**GIVEN RECORDS:**
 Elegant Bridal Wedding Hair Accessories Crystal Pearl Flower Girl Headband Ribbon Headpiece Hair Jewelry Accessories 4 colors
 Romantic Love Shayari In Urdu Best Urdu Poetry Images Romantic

---

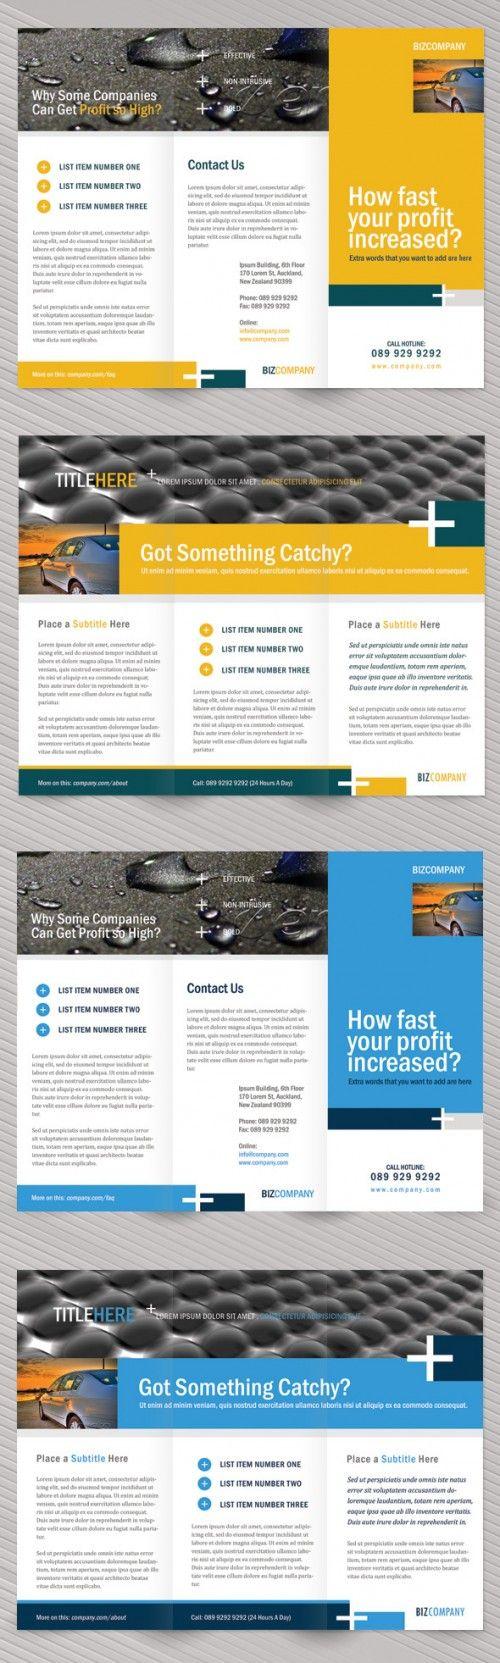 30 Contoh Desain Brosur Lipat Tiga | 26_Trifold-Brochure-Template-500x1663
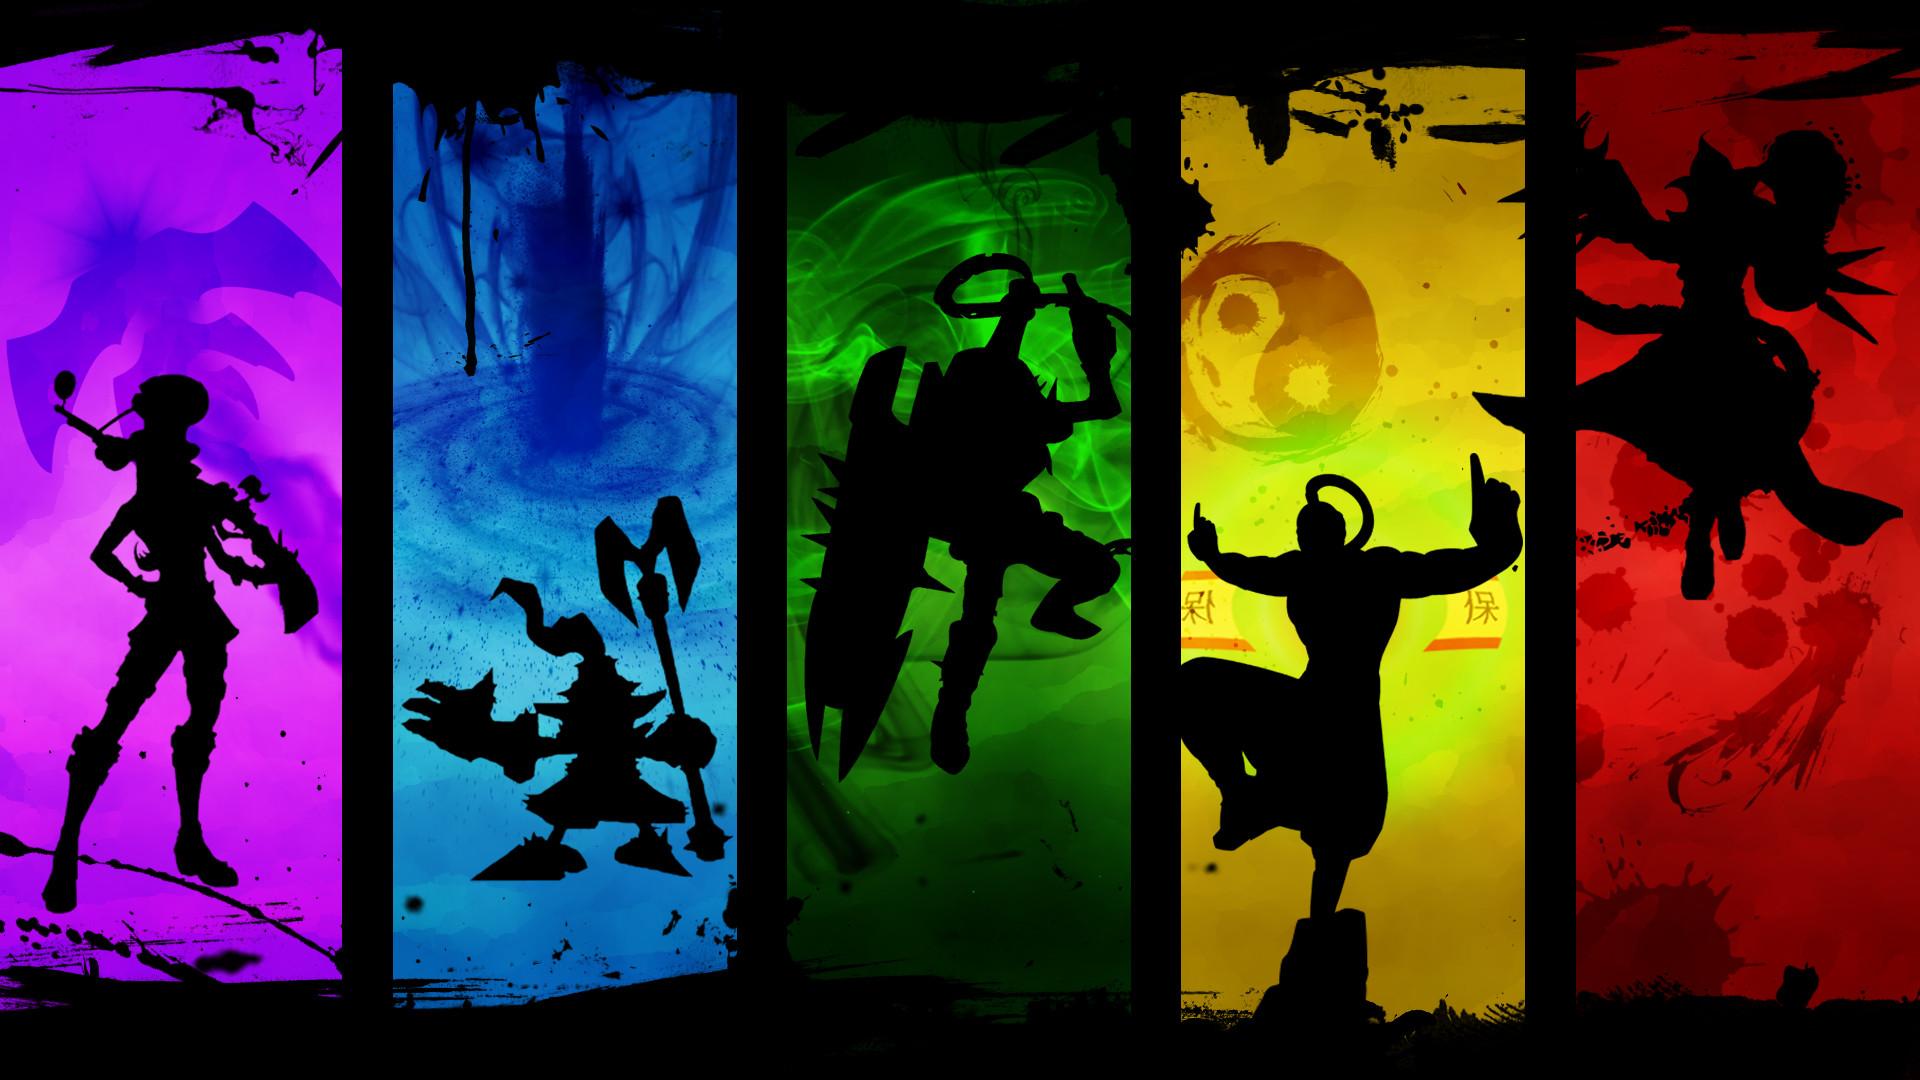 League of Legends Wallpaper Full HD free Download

**ACTIVITY:** Because only one stretch of the records is wanted, please output the lines from the one holding "30 Contoh Desain" through the one holding "League of Legends" exactly, both included, and leave every picture out.

**RESPONSE FOR THIS EXERCISE:**
 30 Contoh Desain Brosur Lipat Tiga | 26_Trifold-Brochure-Template-500x1663
 League of Legends Wallpaper Full HD free Download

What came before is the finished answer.